Gold trading in 2015.We have seen the same transition in the Gold market where the “gold bugs” have been beaten down. The risk off trade is to the dollar, not gold. Gold is too volatile to be held as a risk hedge. Gold is held as a “Disaster Hedge” when there is a threat of war or some devastating economic turmoil.
The gold markets volume has changed dramatically changed this past year and we might see less participation on the individual investor side. If we have falling demand for gold in the derivatives market, it means would could see some extra price volatility in the daily ranges.
Watch for lack of commitment on the buyers side in the volatility. This means we could see a consolidation zone being followed by sell offs to new levels. If we were to see a continuation in direction with the $360 annual range, we might see tests to $780 range. Remember there is no rational sell off or real price to be attained and the price could sell off to even the $600 range or more if there is some type of capitulation or default in the derivatives markets. If there is then the upside would be to previous swing highs $1360, 1580 then 1800. (not likely)

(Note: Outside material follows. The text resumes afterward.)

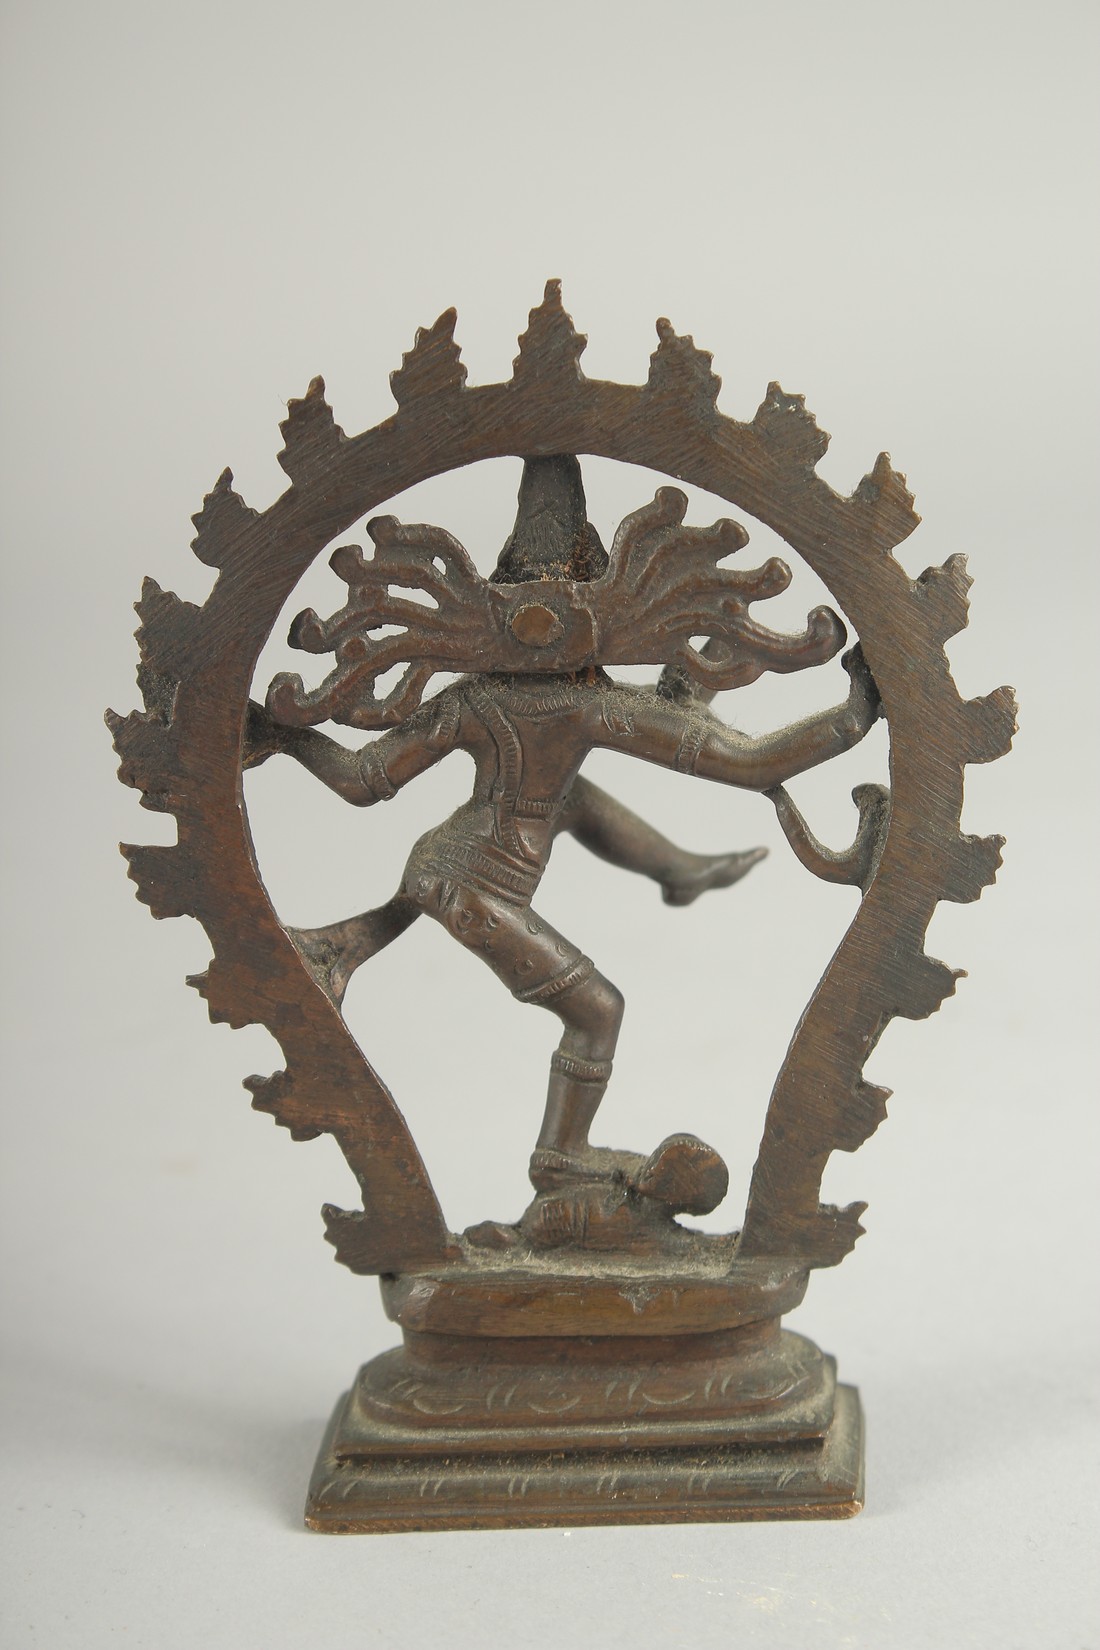 A FINE 19TH CENTURY SOUTH INDIAN BRONZE FIGURE OF SHIVA, 10cm high. - Image 2 of 3

Dollar Index trading in 2015
The dollar index has been our major focus in our proprietary fund this year. The dollar index has been the major influence on price action in the major pairs, index trading, Gold and Oil. There has been quite a bit of volatility with momentum to the upside working in favor of most trades, mixed with oil price adjustments that have hurt many USD trades as the economies of the oil producing countries have some what cratered.
The key to the next year will be in trading the Dollar index and the price levels of support and resistance. We are posting a long term chart with some upside targets. Remember markets don’t normally move straight up or down and we will of course see some pull backs as the “unknown’s come in to play”.
If we have a continuation of the present direction of the dollar index we are targeting 92.56 and 99.10 for major resistance. This could take many months and watch for some consolidation for an upside continuation to occur. The dollar index has plenty of buy side momentum and could continue for the next year at this rate. The five year decline from 2002 to 2007 and the ensuing 2 years of consolidation in a 4 point range from 2012 -2014 built enough pressure in the market to bring us up over 10 penny in 6 months. There seems to be no let up on the buyer side which could keep this direction.
The dollar index has broken above the 200MA on the monthly chart, also above the 28.2 retracement an has a clear path to new highs.